Another bump knocked her sideways. She righted herself in the water, but not before a thousand tiny razors sliced her left foot—a quick sensation, gone almost before her brain had time to register it.
Oh, for pity’s sake! Move on! Now, before I call the police!
That did the trick. The ruffians scattered, and Renata was left in peace, rocking on the waves. Good riddance.
She was so very tired. She needed to rest. And then, when she had her strength back, there was something else she’d been meaning to do. What was it?
She lay back on the water, eyes fluttering as she searched the stars for the answer. They were so beautiful. Her trembling hand reached up. Almost close enough to touch. And then—
Oh, Niko! I think I hear it. I do! I hear the symphony!
Monday, July 1
Renata Hunter Carr was not remotely dead when Mariah Bolt first laid eyes on her. Far from it. That condition was soon to change, of course, and Mariah would be the agent of that change. For those who believe in fate, the wheel was set inexorably in motion three days before Renata’s ill-fated swim.

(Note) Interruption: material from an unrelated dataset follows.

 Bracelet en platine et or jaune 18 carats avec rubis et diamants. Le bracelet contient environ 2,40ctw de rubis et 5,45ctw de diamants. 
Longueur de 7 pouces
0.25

Three days and nearly three thousand miles away…
Jack Geist, deputy director of Operations, acted as if there were nothing unusual about summoning Mariah to his office on the seventh floor of CIA headquarters in Langley, Virginia.

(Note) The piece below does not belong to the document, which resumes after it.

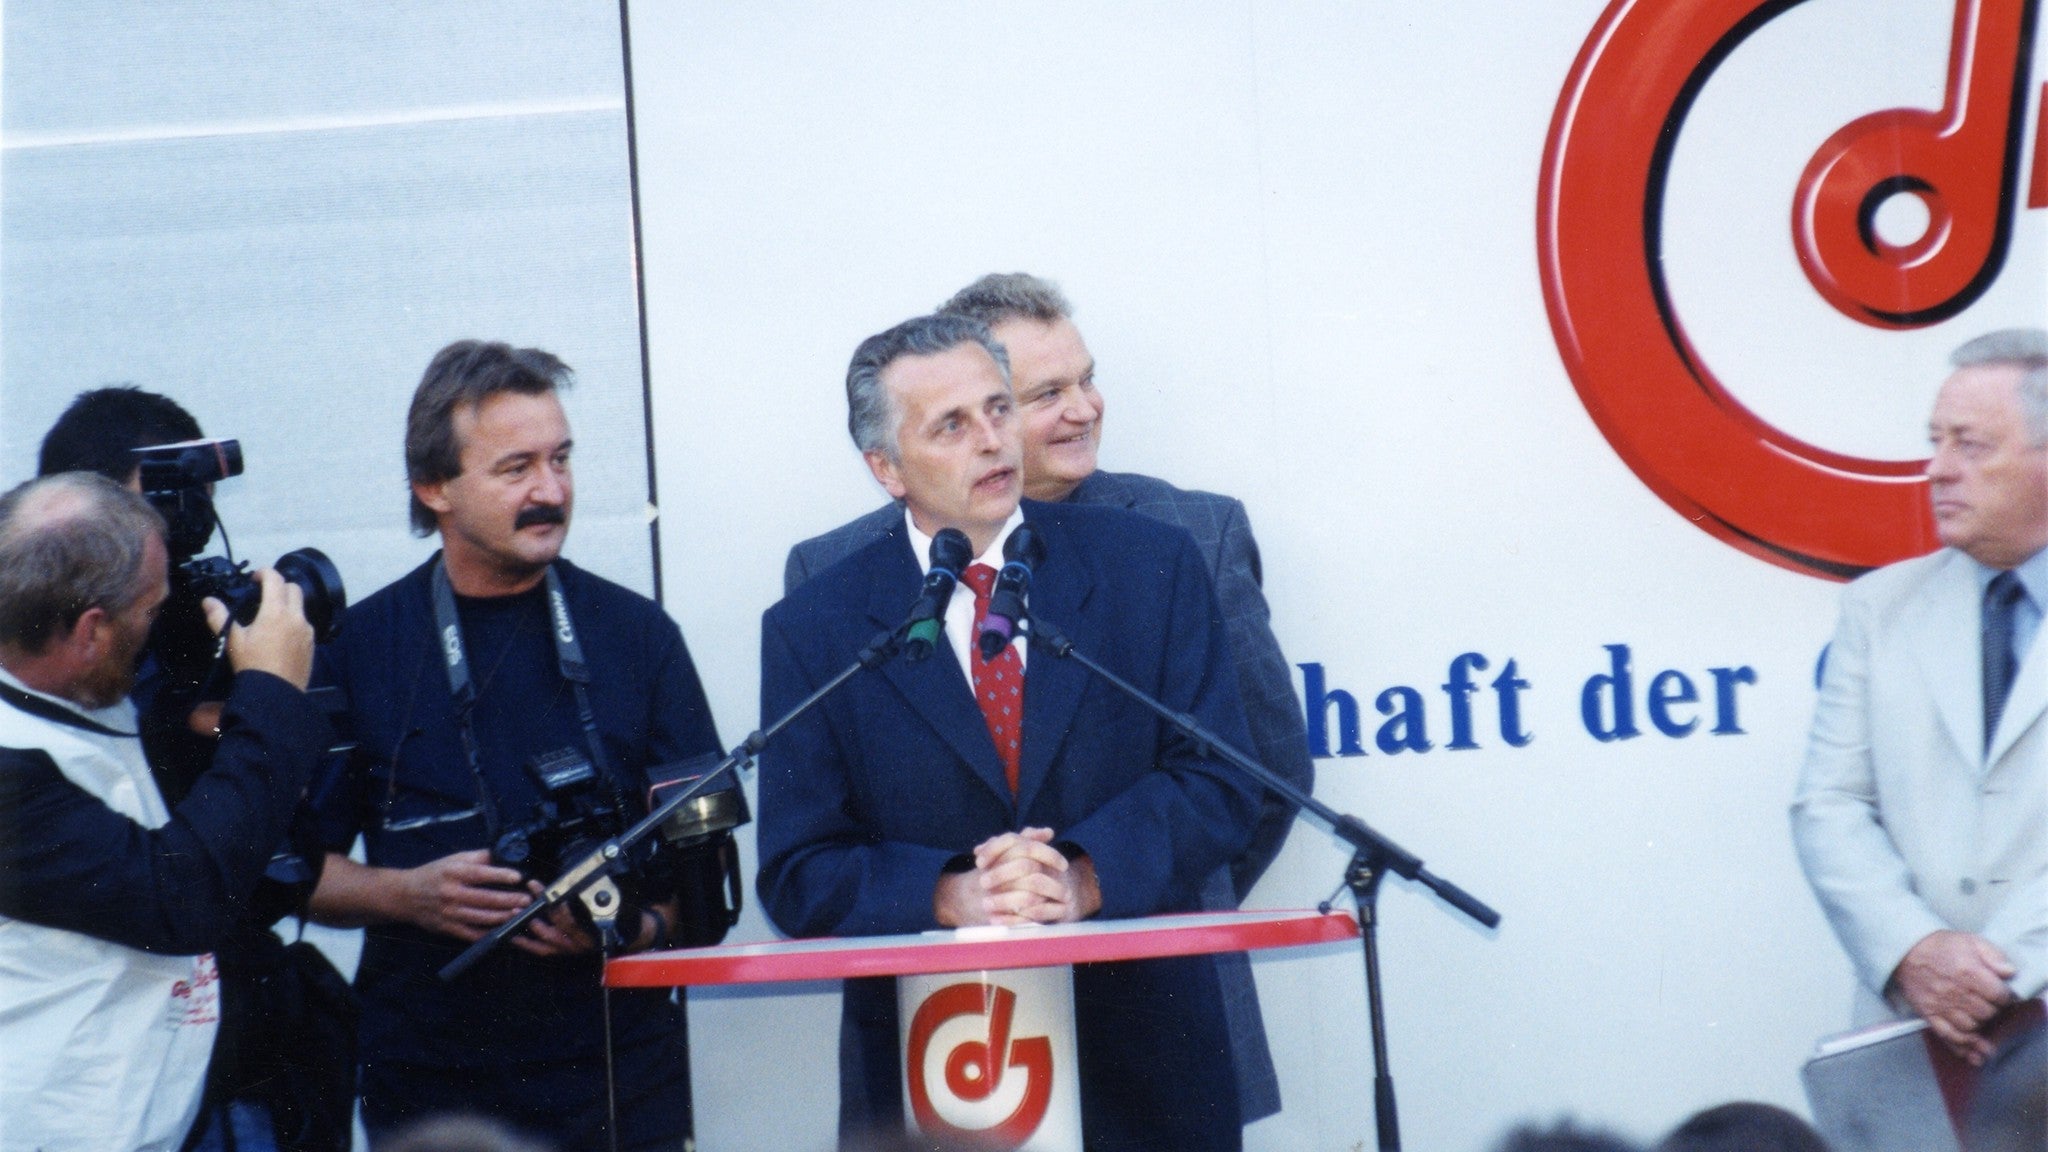 Rudolf Hundstorfer (blauer Anzug, rote Krawatte) spricht in zwei Mikrofone. Logos der Gewerkschaft der Gemeindebediensteten

His secretary turned the handle on the big wooden door leading to the inner sanctum, her other hand raised to Mariah, indicating she should wait. Through the crack between the door and the frame, Mariah saw the deputy at his desk, flipping through a stack of files. When the DDO didn’t look up, the other woman cleared her throat softly.
“She’s here, sir. Ms. Bolt? Who you asked me to call in?”
He raised his head slowly, looking distracted and irritated, and gave her a curt nod. She scuttled back out, nodding to Mariah, then pulling the door shut behind her as Mariah entered.
Geist’s demeanor went through a transformation. He got to his feet and came around his massive desk, hand extended, lips stretching wide in a smile. “Mariah Bolt! I don’t think we’ve ever had the pleasure. Jack Geist.”
The smile stopped well short of his pallid green eyes, she noticed, taking his hand. He fixed her with a long, piercing look that could have been interpreted in any number of ways, none of which put her at ease.
His skin had the leathery texture of a pack-a-day man. When he finally released her hand and waved toward the leather sofa and chairs on one side of his wood-lined office, Mariah caught the scent of stale cigarettes only partially masked. She tried to picture the deputy huddled in the center courtyard with the rest of the agency’s nicotine junkies, but the image refused to come. He didn’t look the type to mingle with the masses, for one thing. Also, in her experience, covert Ops people played by their own rules, so she found herself looking around the office for the ashtrays she knew had to be there, despite the building-wide smoking ban—certain he’d have dismantled the office smoke detectors.
“Thanks for stopping by,” Geist added, following her across the room.